Pizza Schmizza opened its first location on August 6, 1993 in downtown Hillsboro, Oregon by brothers Andre and Roger Jehan.

In 2003, Pizza Schmizza received complaints from an advertising watchdog group for hiring homeless men to hold signs bearing the slogan "Pizza Schmizza paid me to hold this sign instead of asking for money". Owner Andre Jehan countered that this was a way to help the homeless and that the homeless found the arrangement a positive experience.

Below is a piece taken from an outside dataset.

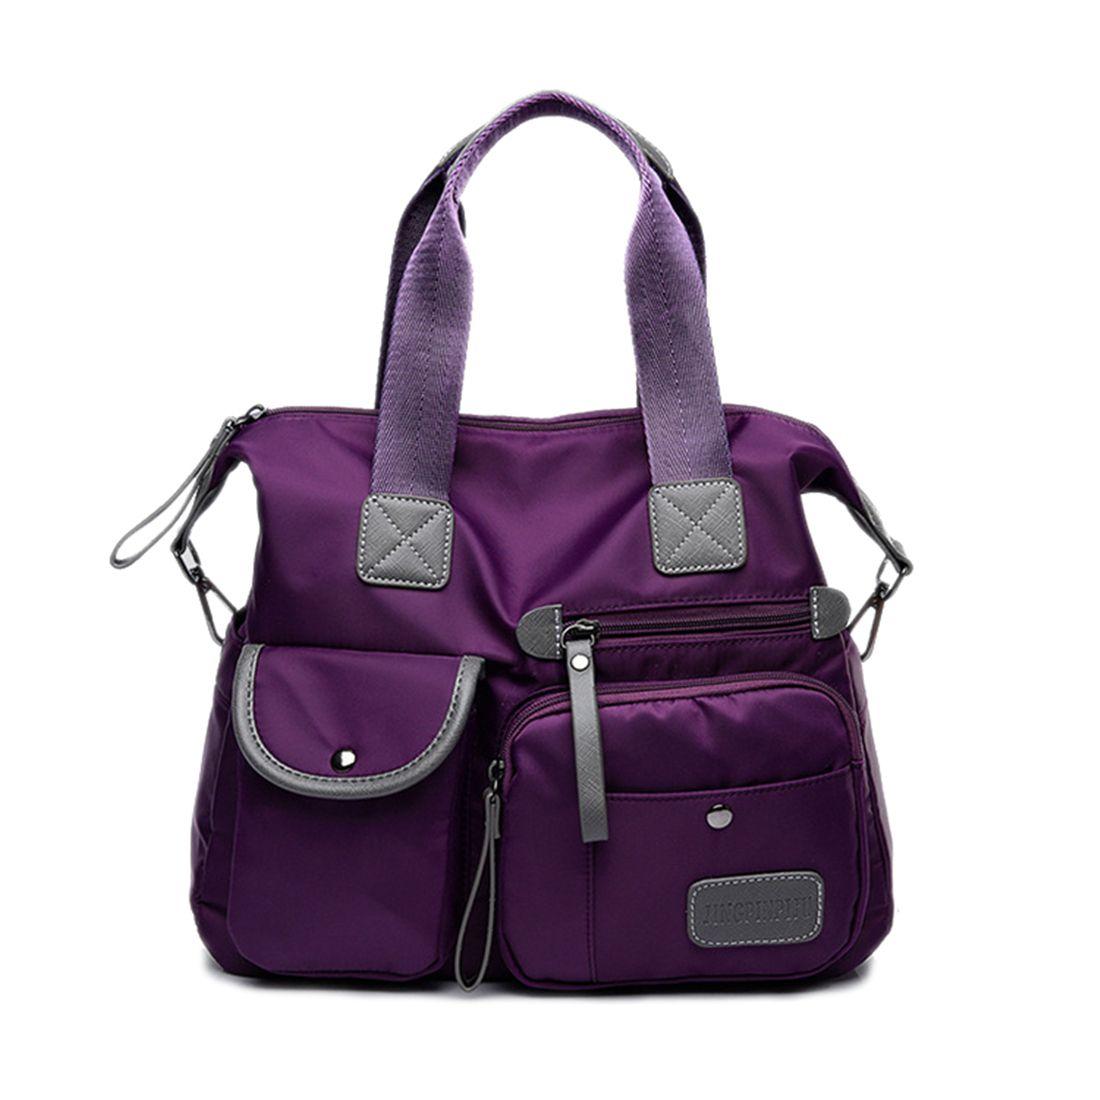 purple New Ladies Fashion Waterproof Oxford Tote Bag Casual Nylon Shoulder Bag Mummy Bag Large Capacity Canvas Bagpurple New Ladies Fashion Waterproof Oxford Tote Bag Casual Nylon Shoulder Bag Mummy Bag Large Capacity Canvas Bag
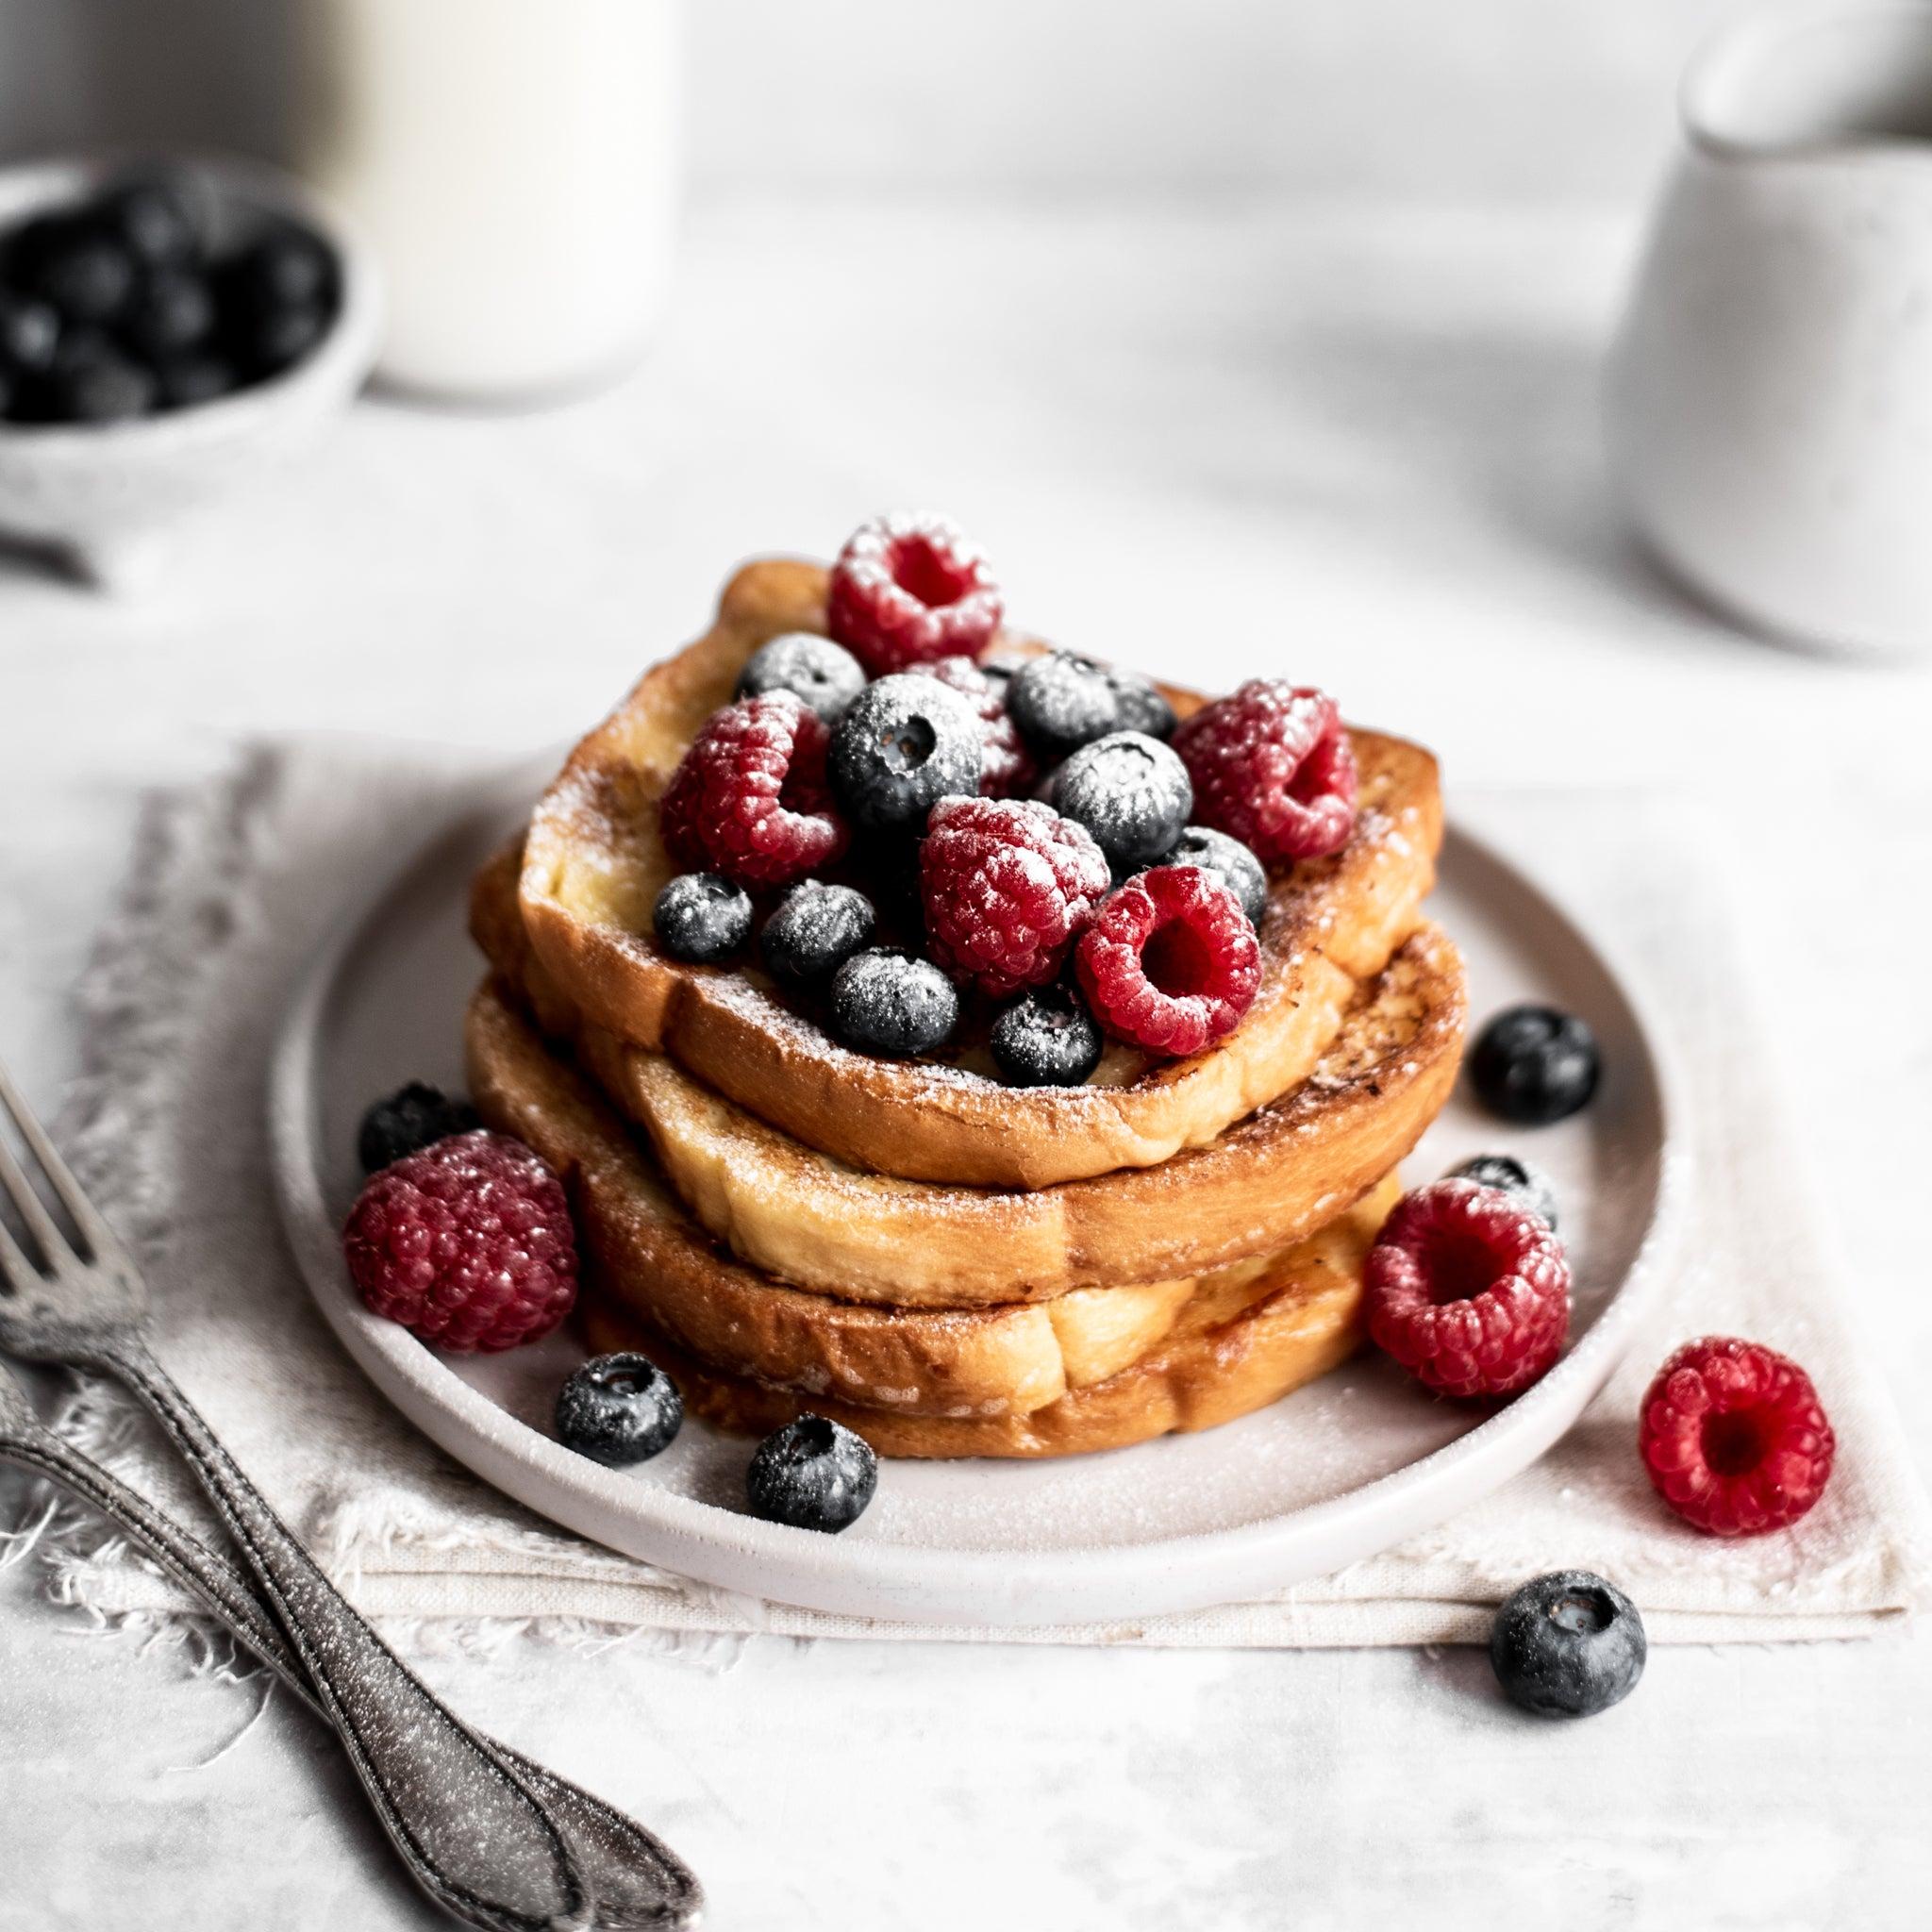 Vanilla-French-Toast-SQUARE-3.jpg

Pizza Schmizza received a media award from the Oregon Department of Human Services for support of a program discouraging underage alcohol consumption in 2004.

In 2020 amid the COVID-19 pandemic, the Southwest Montgomery Schmizza location received media attention for offering a special which included a roll of toilet paper with every order. The promotion coincided with a national toilet paper shortage that resulted from supply chain disruptions caused by COVID-19.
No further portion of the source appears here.